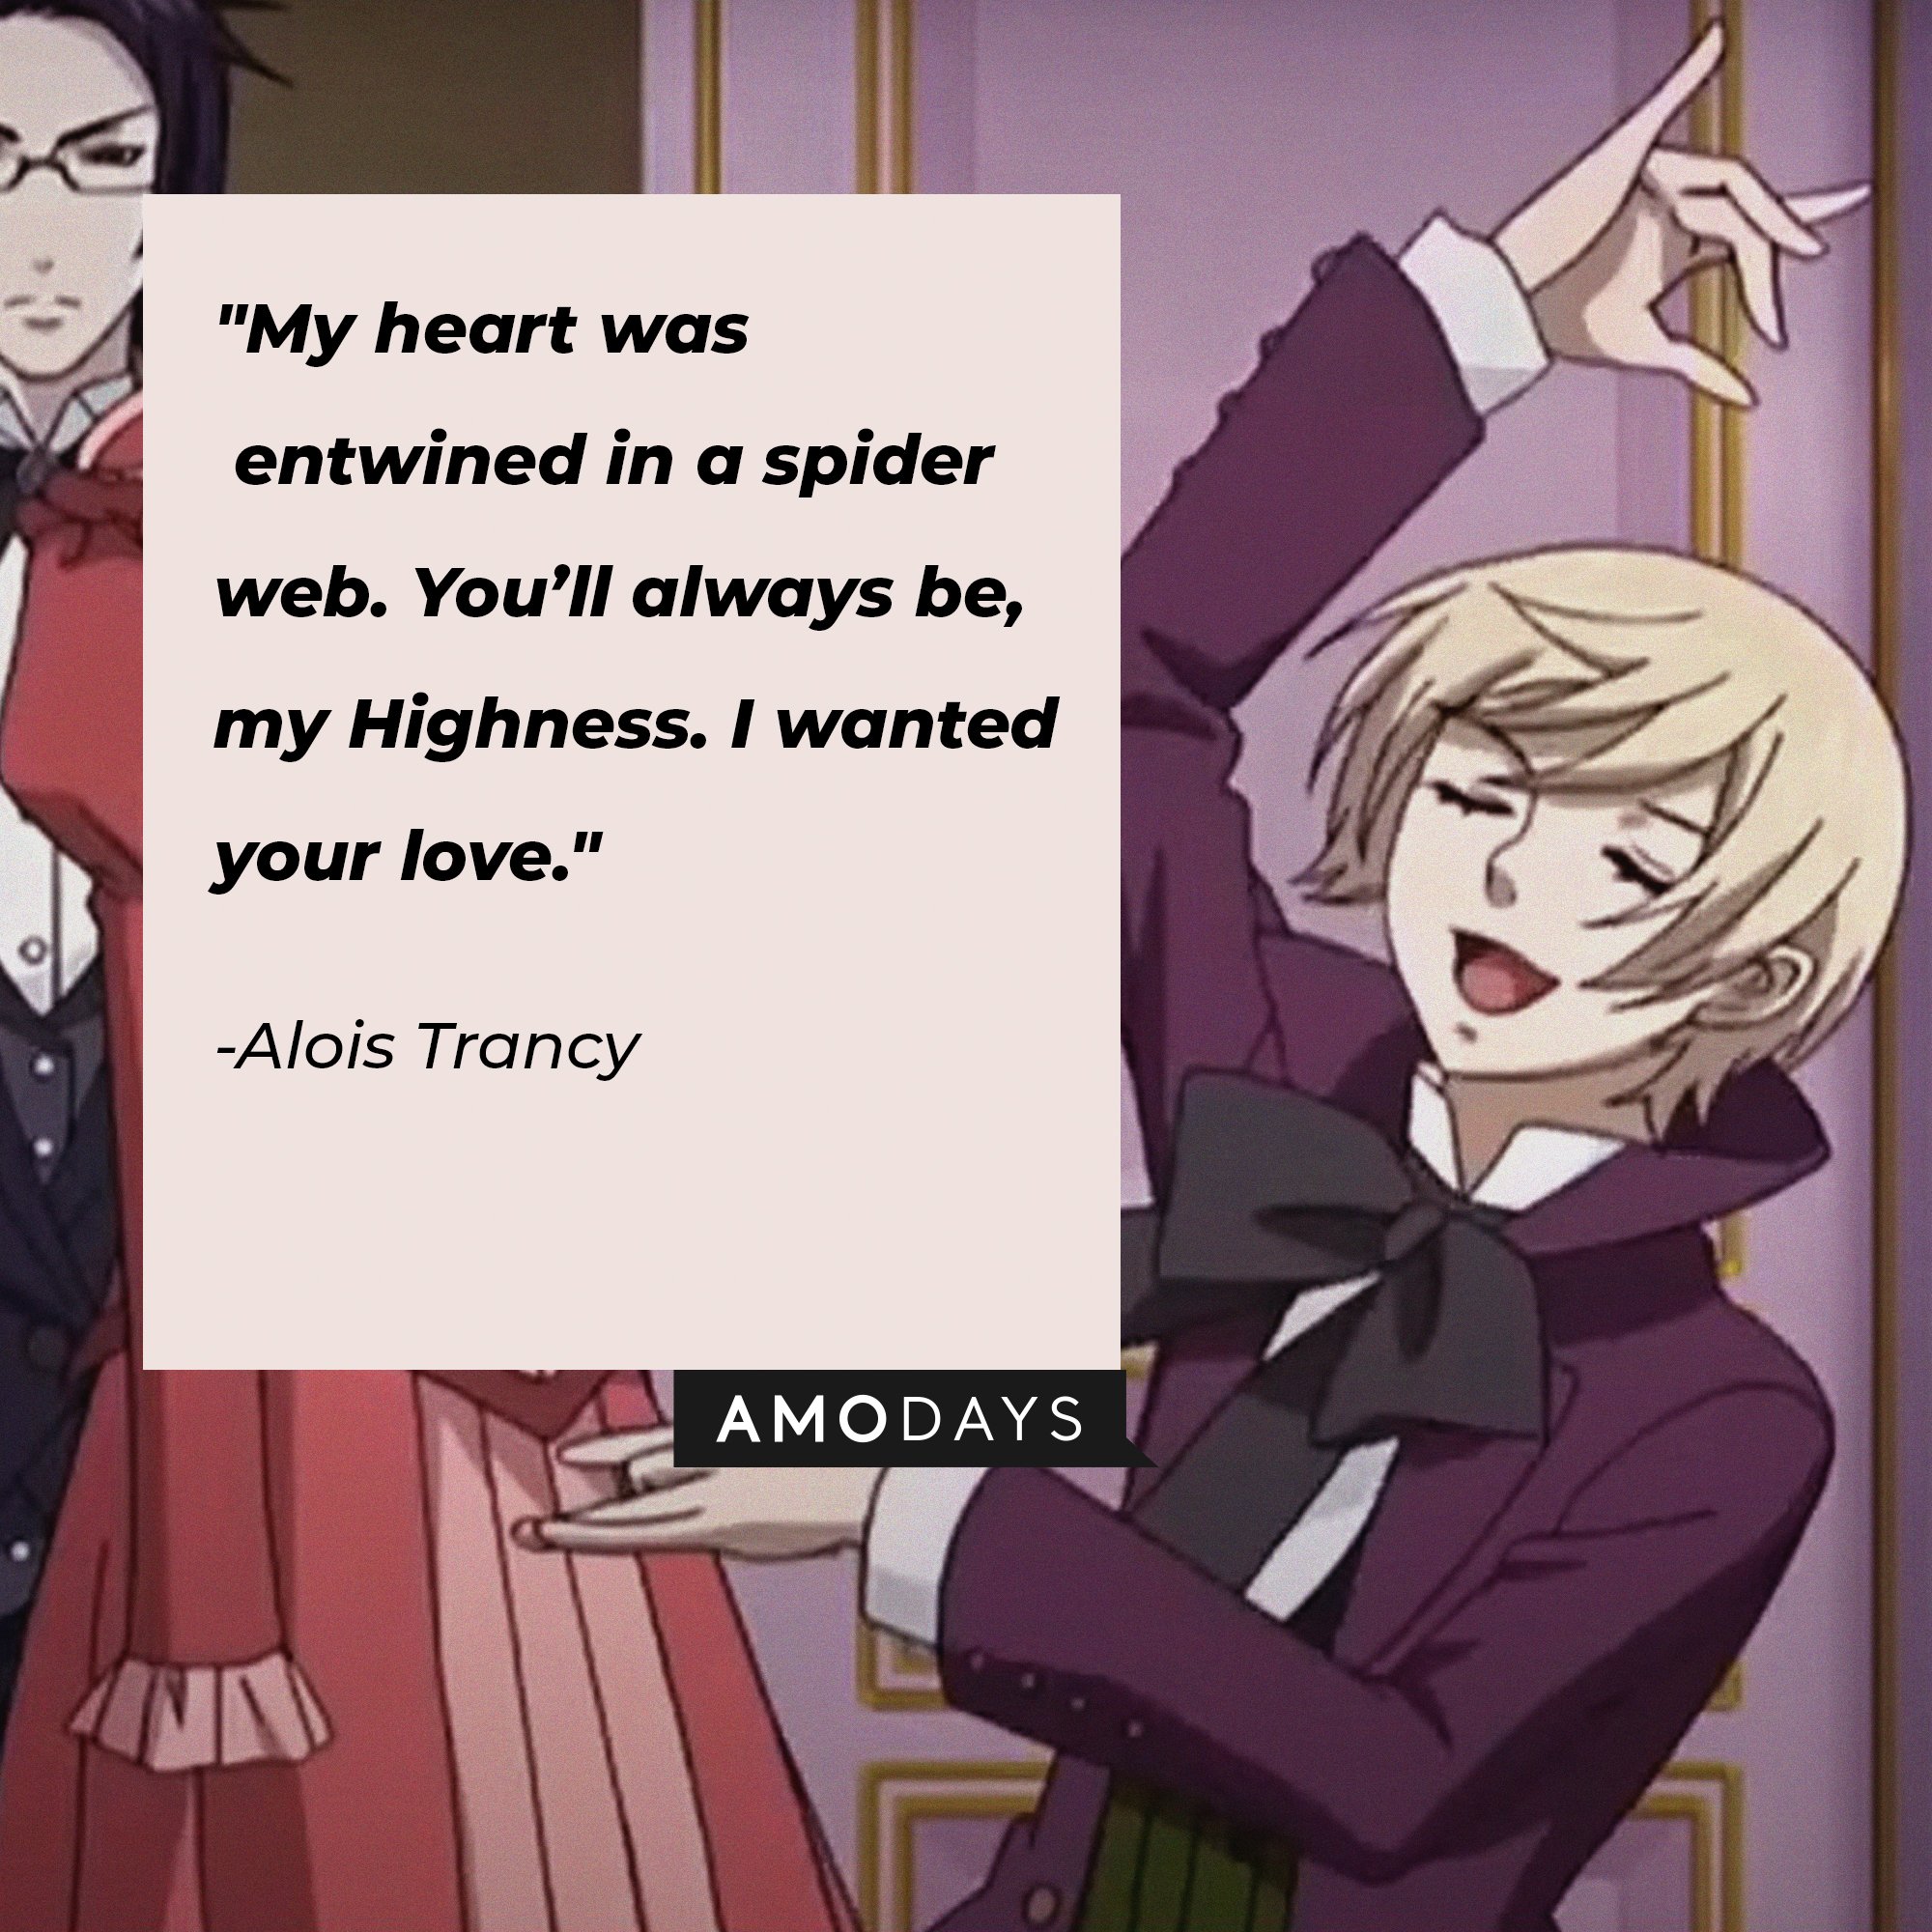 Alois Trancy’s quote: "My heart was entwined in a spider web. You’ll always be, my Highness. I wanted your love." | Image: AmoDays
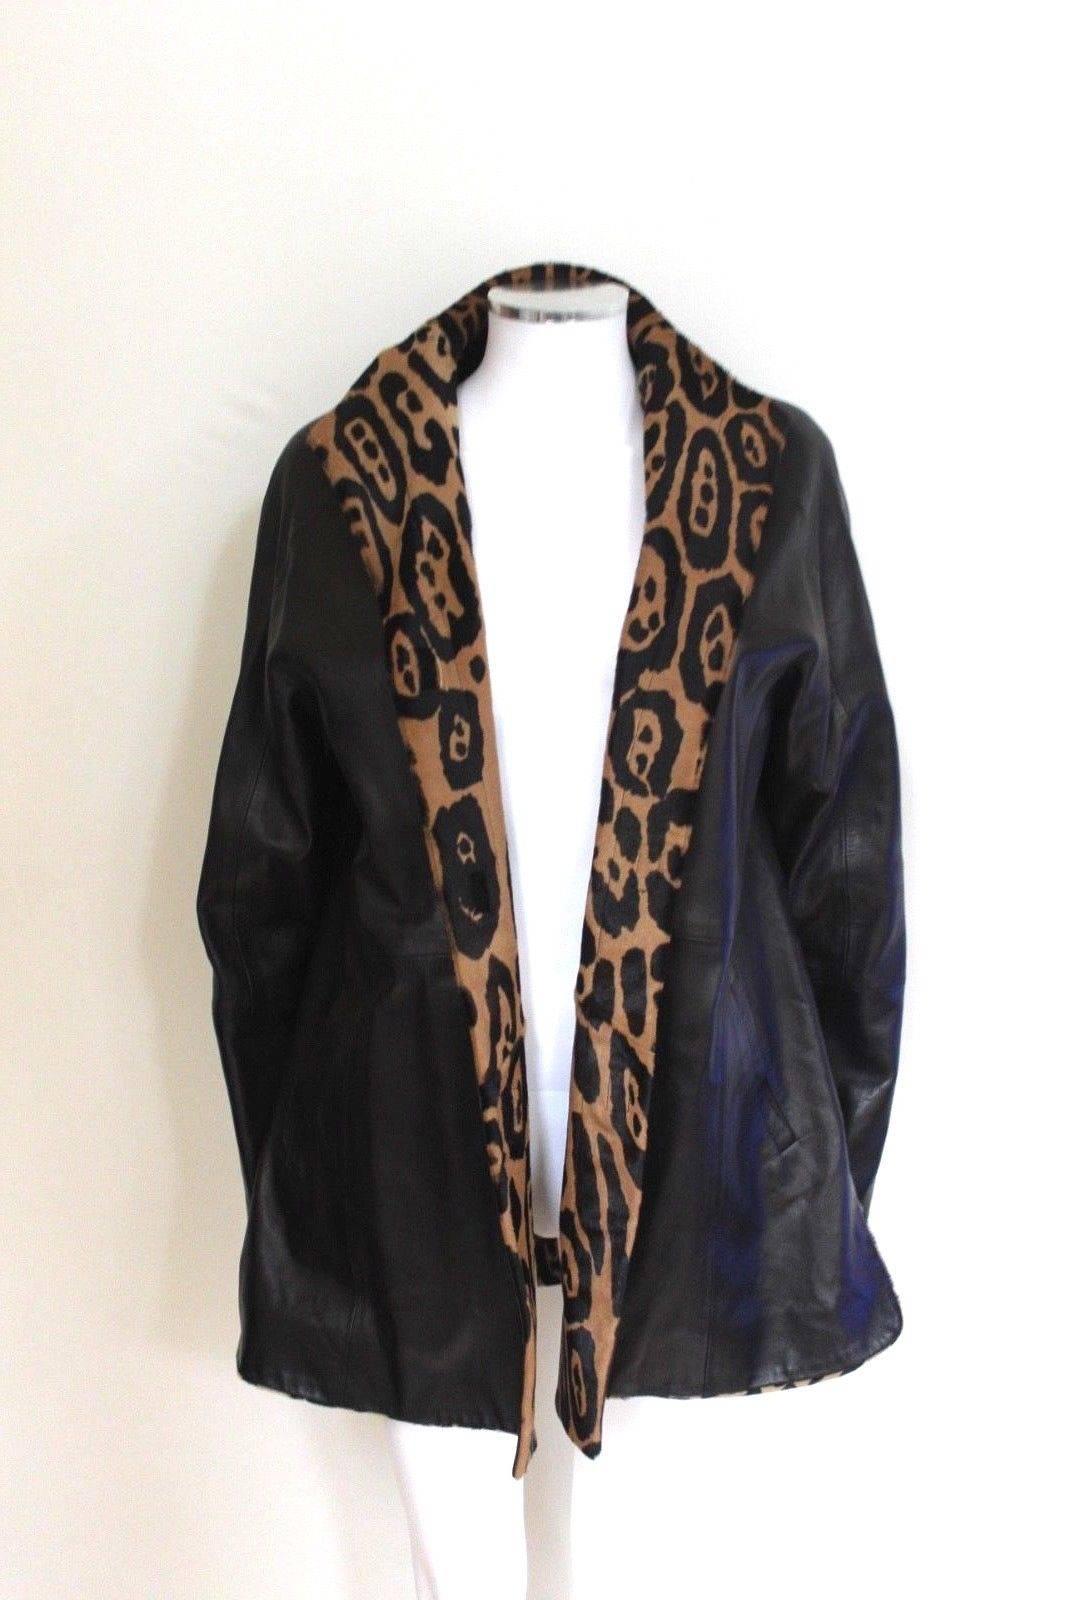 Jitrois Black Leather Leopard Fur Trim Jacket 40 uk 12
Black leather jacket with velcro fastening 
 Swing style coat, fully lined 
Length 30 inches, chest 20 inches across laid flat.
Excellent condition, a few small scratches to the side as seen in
-------
Reproduce each line above exactly, but not a single picture.

 Alois Trancy’s quote: "My heart was entwined in a spider web. You’ll always be, my Highness. I wanted your love." | Image: AmoDays
 Jitrois Black Leather Leopard Fur Trim Jacket 40 uk 12
Black leather jacket with velcro fastening 
 Swing style coat, fully lined 
Length 30 inches, chest 20 inches across laid flat.
Excellent condition, a few small scratches to the side as seen in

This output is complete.